_Problem to work on_: The data below should be retyped exactly, with the pictures left out.

### Data excerpt ###

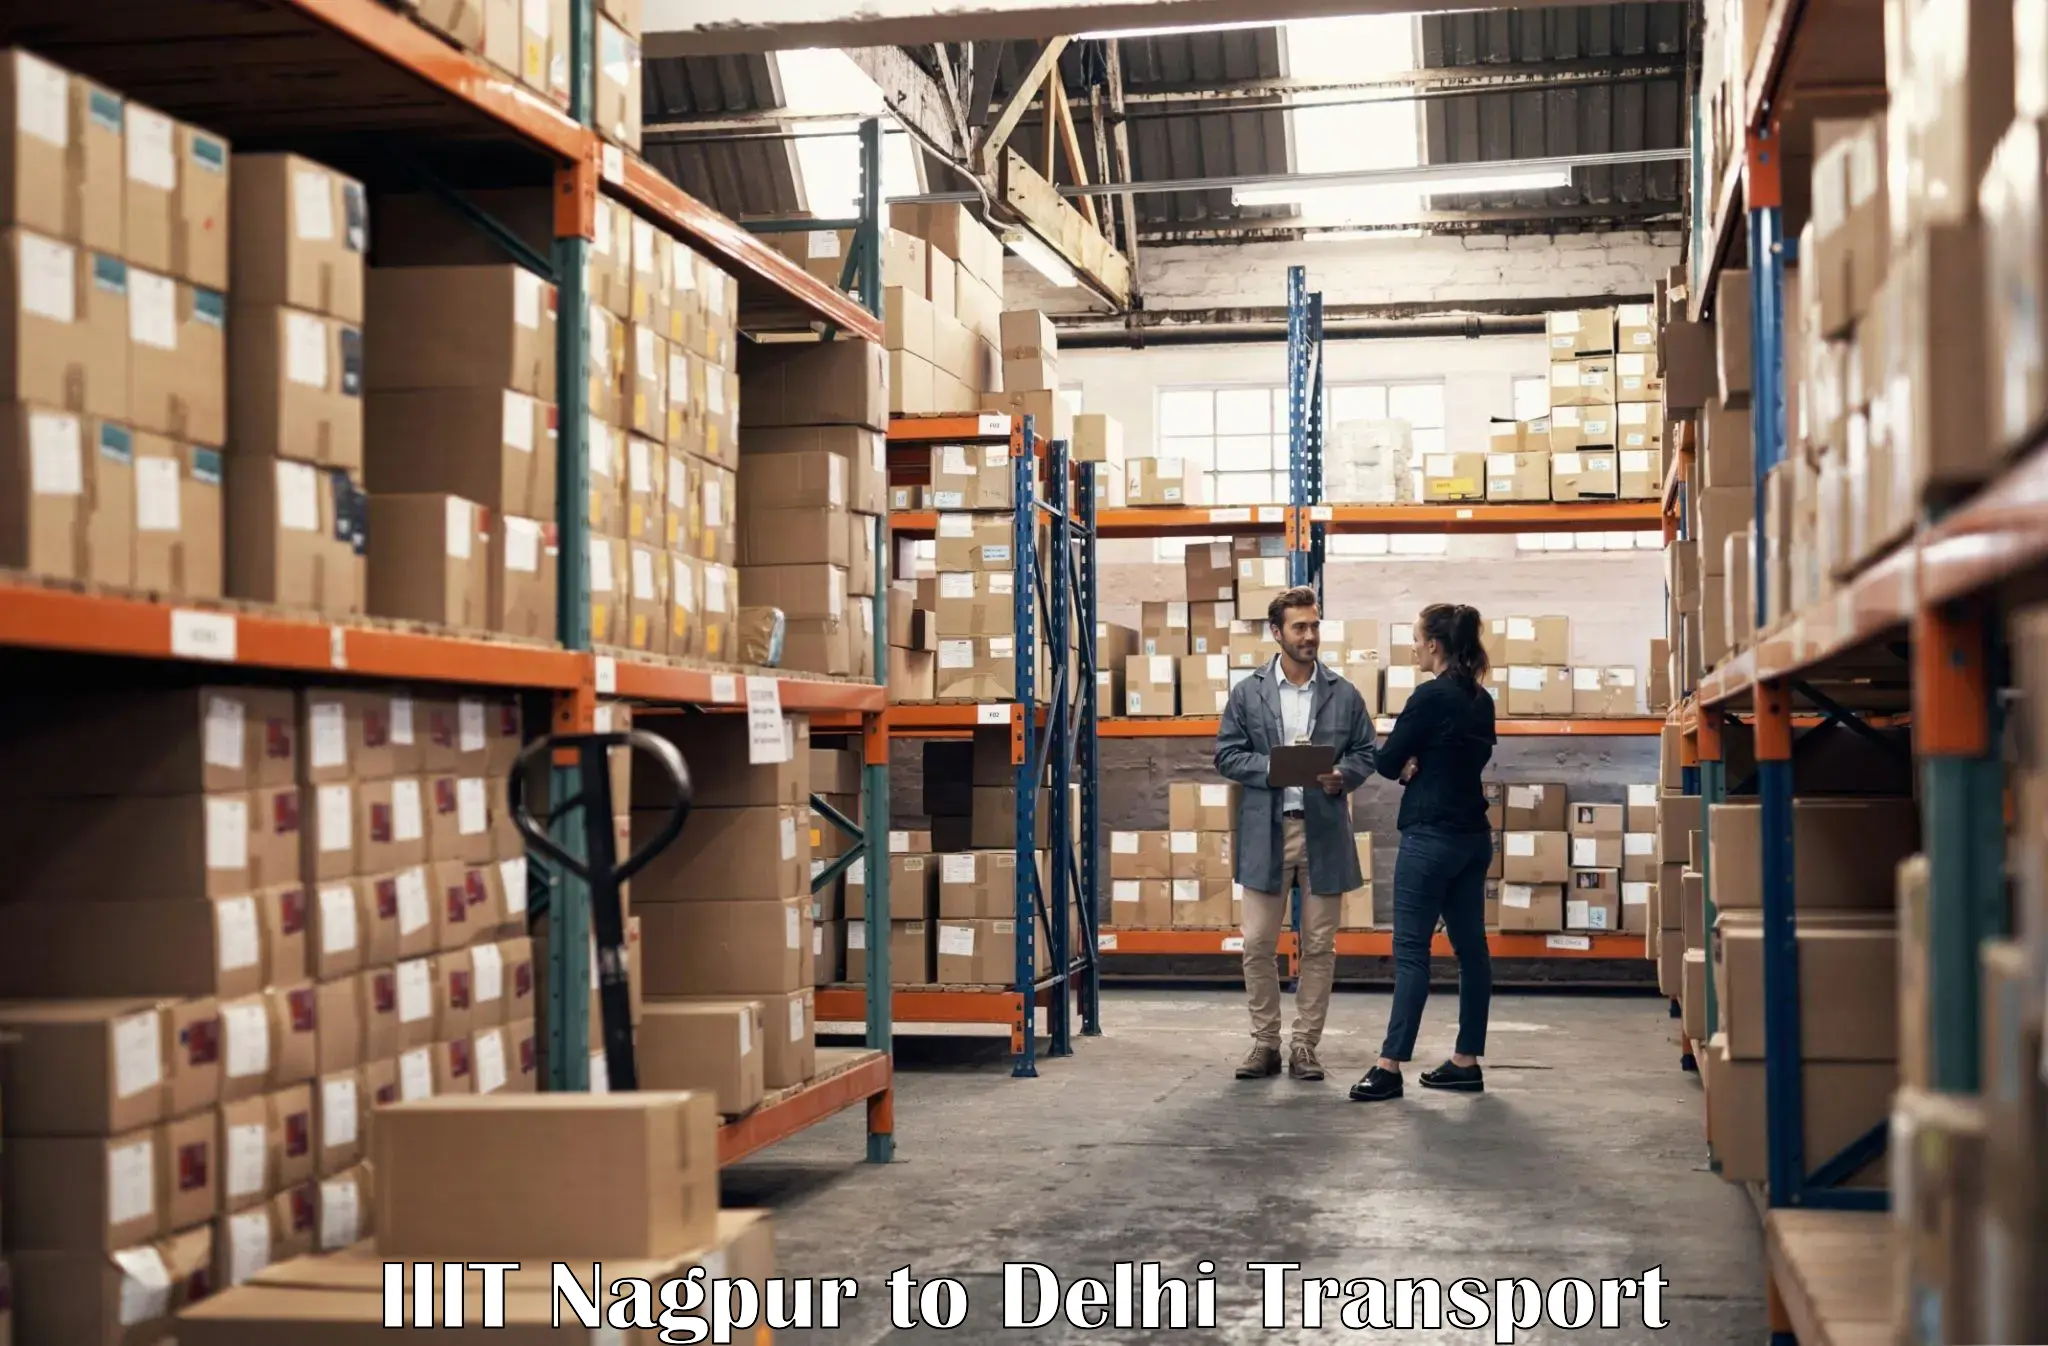 Delivery service IIIT Nagpur to IIT Delhi
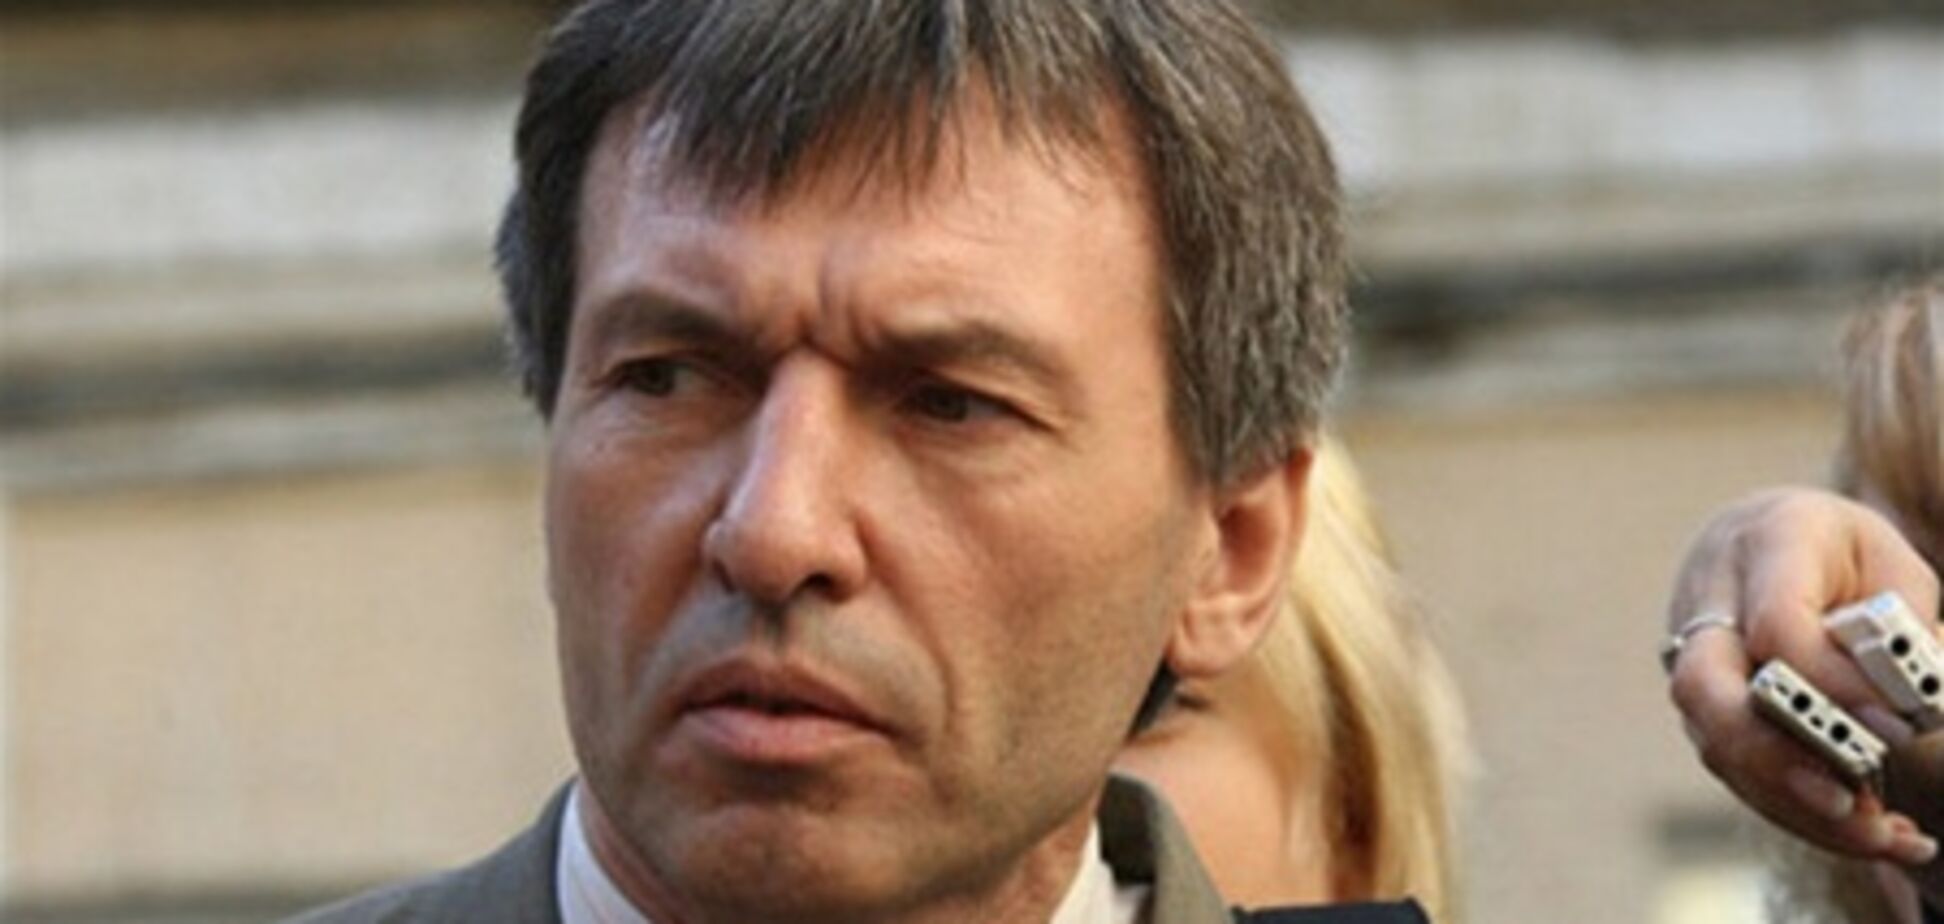 Адвокат: влада не дасть вказівки насильно доставити Тимошенко до суду
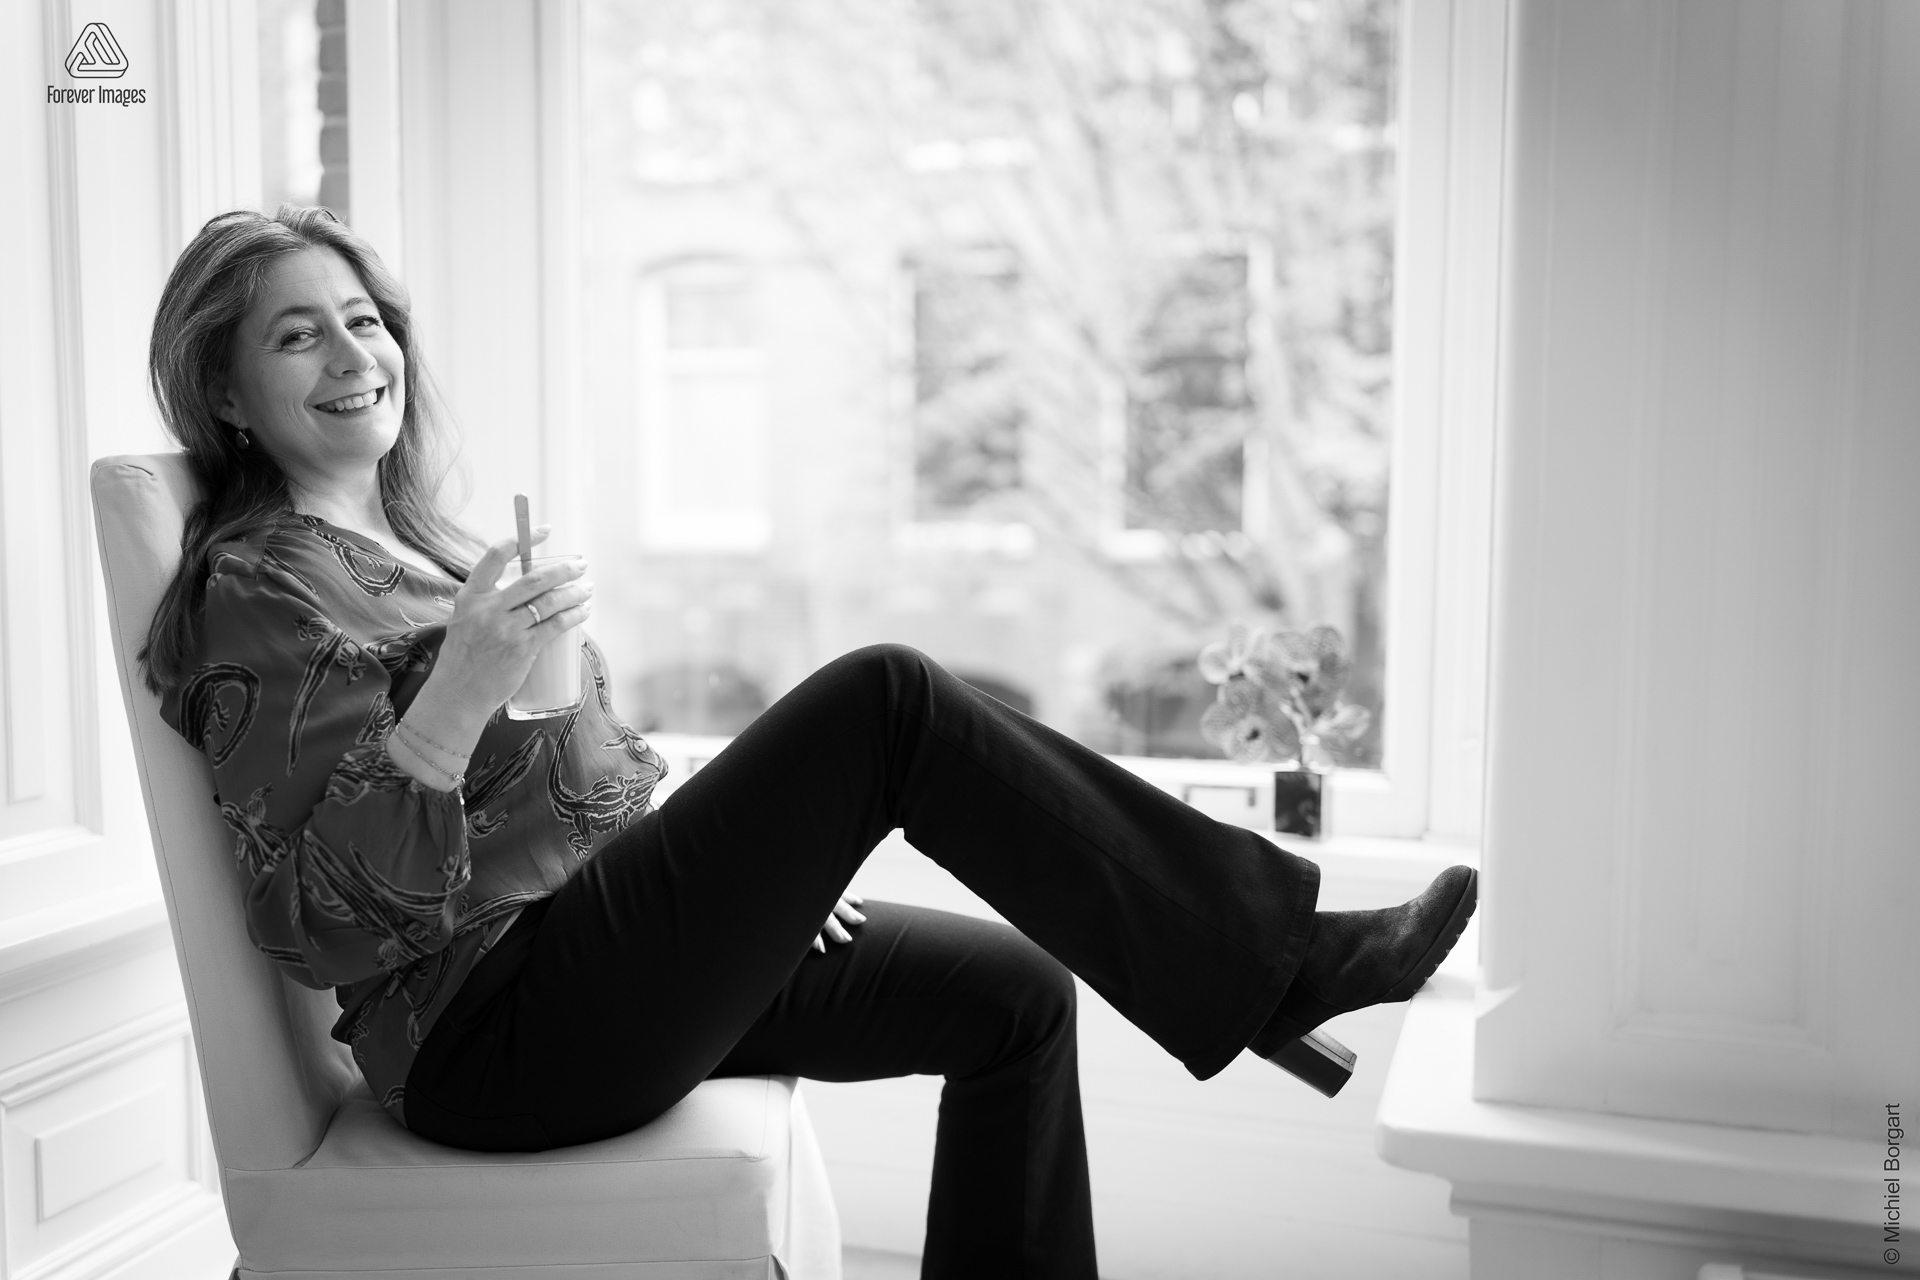 Portretfoto zwart-wit dame zit met koffie bij het raam | Mirjam Bach Kleurkeuze | Portretfotograaf Michiel Borgart - Forever Images.

###

_Result_:
 Delivery service IIIT Nagpur to IIT Delhi
 Адвокат: влада не дасть вказівки насильно доставити Тимошенко до суду
 Portretfoto zwart-wit dame zit met koffie bij het raam | Mirjam Bach Kleurkeuze | Portretfotograaf Michiel Borgart - Forever Images.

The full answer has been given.